Task statement — When a line of the listing below has the string "cream" in it, copy that line.

Data for analysis —
• • • •

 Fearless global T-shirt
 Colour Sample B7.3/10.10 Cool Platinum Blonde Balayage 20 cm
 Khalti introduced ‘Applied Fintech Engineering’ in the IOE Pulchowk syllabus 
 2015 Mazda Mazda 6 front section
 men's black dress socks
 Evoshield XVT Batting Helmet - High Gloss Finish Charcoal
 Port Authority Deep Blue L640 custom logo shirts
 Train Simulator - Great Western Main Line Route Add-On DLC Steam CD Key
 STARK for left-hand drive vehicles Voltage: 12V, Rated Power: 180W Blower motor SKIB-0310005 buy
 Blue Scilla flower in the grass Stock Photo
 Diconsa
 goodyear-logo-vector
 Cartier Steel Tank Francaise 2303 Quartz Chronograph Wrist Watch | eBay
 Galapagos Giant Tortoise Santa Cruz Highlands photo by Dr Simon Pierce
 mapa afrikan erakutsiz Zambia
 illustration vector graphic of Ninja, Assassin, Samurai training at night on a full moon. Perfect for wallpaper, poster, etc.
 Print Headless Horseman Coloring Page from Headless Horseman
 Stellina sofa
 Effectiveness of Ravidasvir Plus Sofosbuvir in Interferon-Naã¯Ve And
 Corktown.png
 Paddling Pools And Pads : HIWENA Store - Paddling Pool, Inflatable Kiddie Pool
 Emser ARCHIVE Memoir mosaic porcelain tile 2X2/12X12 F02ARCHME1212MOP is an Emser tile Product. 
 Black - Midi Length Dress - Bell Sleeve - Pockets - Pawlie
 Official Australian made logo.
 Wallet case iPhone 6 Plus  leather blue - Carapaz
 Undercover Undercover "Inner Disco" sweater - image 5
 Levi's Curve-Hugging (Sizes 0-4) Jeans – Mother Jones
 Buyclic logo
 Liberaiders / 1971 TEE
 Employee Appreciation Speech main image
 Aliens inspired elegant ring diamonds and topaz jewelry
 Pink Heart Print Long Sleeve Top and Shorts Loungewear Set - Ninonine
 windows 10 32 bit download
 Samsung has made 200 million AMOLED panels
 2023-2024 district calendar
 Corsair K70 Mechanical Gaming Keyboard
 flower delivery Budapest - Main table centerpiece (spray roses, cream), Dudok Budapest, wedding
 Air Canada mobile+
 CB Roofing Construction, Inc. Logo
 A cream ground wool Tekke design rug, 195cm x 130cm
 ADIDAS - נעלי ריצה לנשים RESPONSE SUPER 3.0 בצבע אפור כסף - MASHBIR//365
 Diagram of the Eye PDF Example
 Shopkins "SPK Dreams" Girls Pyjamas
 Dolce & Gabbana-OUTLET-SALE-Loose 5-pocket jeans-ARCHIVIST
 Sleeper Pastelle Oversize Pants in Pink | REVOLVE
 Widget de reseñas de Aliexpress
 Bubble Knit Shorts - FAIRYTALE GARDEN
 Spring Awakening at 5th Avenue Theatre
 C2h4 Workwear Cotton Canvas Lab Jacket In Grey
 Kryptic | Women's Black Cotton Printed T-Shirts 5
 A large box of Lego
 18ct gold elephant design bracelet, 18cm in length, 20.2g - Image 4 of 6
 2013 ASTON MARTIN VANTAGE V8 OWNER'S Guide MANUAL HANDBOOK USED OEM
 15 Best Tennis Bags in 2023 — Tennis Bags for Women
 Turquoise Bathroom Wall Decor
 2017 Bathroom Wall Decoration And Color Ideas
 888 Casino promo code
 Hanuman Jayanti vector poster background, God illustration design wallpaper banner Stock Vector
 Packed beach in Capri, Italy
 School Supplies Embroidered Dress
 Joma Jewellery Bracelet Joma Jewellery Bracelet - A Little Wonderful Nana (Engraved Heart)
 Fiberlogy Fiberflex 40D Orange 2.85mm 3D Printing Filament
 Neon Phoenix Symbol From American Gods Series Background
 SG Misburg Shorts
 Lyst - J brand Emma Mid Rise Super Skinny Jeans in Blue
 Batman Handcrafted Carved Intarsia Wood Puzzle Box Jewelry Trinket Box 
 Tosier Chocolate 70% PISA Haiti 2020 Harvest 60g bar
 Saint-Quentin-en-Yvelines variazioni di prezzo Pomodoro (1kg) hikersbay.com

• • • •

Solution to this problem —
 flower delivery Budapest - Main table centerpiece (spray roses, cream), Dudok Budapest, wedding
 A cream ground wool Tekke design rug, 195cm x 130cm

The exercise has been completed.